Funds From Operations (FFO) for the fourth quarter was $50.8 million, or $0.72 per diluted share, compared to $81.2 million and $1.16 per diluted share for the same period in 2007. For the year ended December 31, 2008, FFO was $263.8 million, or $3.75 per diluted share, compared to $293.9 million or $4.20 per diluted share for the same period in 2007. The decline in FFO was primarily due to impairment charges and an increase in the write-off of dead deal costs as well as a lower level of development gains in 2008. Excluding the impacts of impairments and dead deal costs, FFO per share would have been $4.47 per share, or 6.4% higher than 2007. Regency reports FFO in accordance with the standards established by the National Association of Real Estate Investment Trusts (NAREIT) as a supplemental earnings measure. The Company considers this a meaningful performance measurement in the Real Estate Investment Trust industry.

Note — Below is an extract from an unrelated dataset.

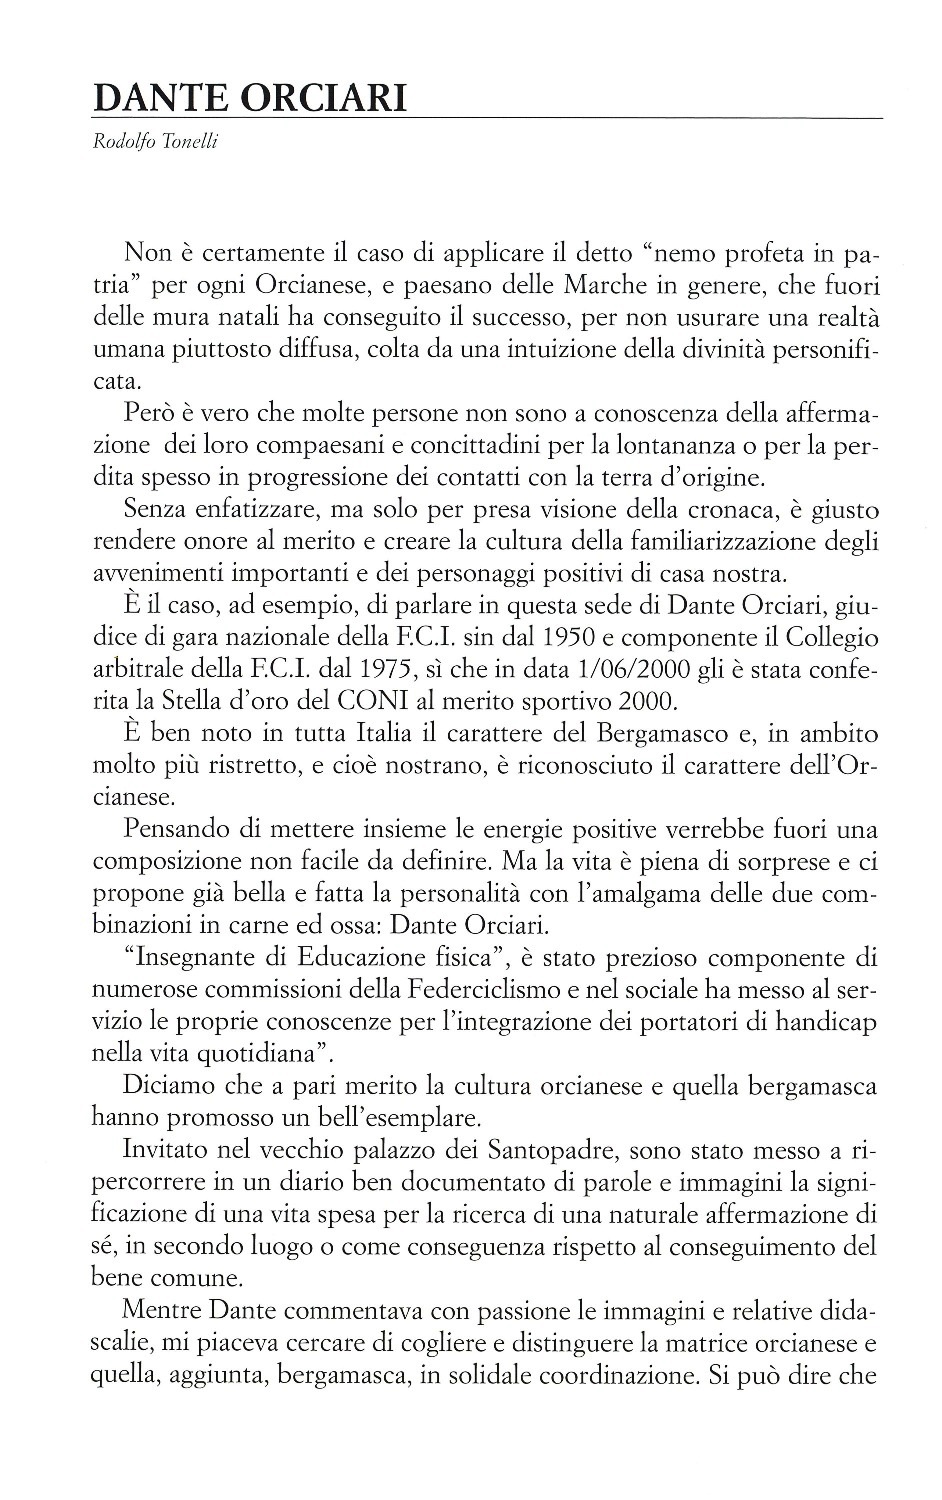 La torr i arduna tutti 2009 p.047

Net income for common stockholders for the quarter was $16.0 million, or $0.23 per diluted share, compared to $50.6 million and $0.72 per diluted share for the same period in 2007. Net income for the year ended December 31, 2008 was $129.2 million or $1.84 per diluted share, compared to $184.0 million and $2.65 per diluted share for the same period in 2007. These results are preliminary, unaudited results and are subject to revision pending the resolution of the timing of gains on properties previously sold to co-investment partnerships, an accounting question described below which has recently been identified in connection with the pending liquidation of two of these co-investment partnerships during the first quarter of 2009.

Portfolio Results

For the three months ended December 31, 2008, Regency's results for wholly-owned properties and its pro-rata share of co-investment partnerships were as follows:

  • Same store net operating income (NOI) growth: 3.0%
  • Same store rental rate growth on a cash basis: 7.8%
  • Leasing transactions: 436 new and renewal lease transactions for a total of 1.2 million square feet

For the year ended December 31, 2008, Regency's results for wholly-owned properties and its pro-rata share of co-investment partnerships were as follows:

  • Same store net operating income (NOI) growth: 2.6%
  • Same store rental rate growth on a cash basis: 10.6%
  • Percent leased (operating properties only): 93.8%
  • Leasing transactions: 1,767 new and renewal lease transactions for a total of 5.7 million square feet

Acquisitions, Capital Recycling and Co-investment Partnerships

During the year Regency and its partners sold $394.4 million of consolidated and unconsolidated operating and development properties. In the fourth quarter two wholly-owned operating properties were sold at a gross sales price of $19.3 million and a weighted average cap rate of 8.17%. Three completed developments were sold at a gross sales price of $28.0 million and a weighted average cap rate of 7.56%. During the quarter the Company sold six outparcels at a gross sales price of $9.6 million.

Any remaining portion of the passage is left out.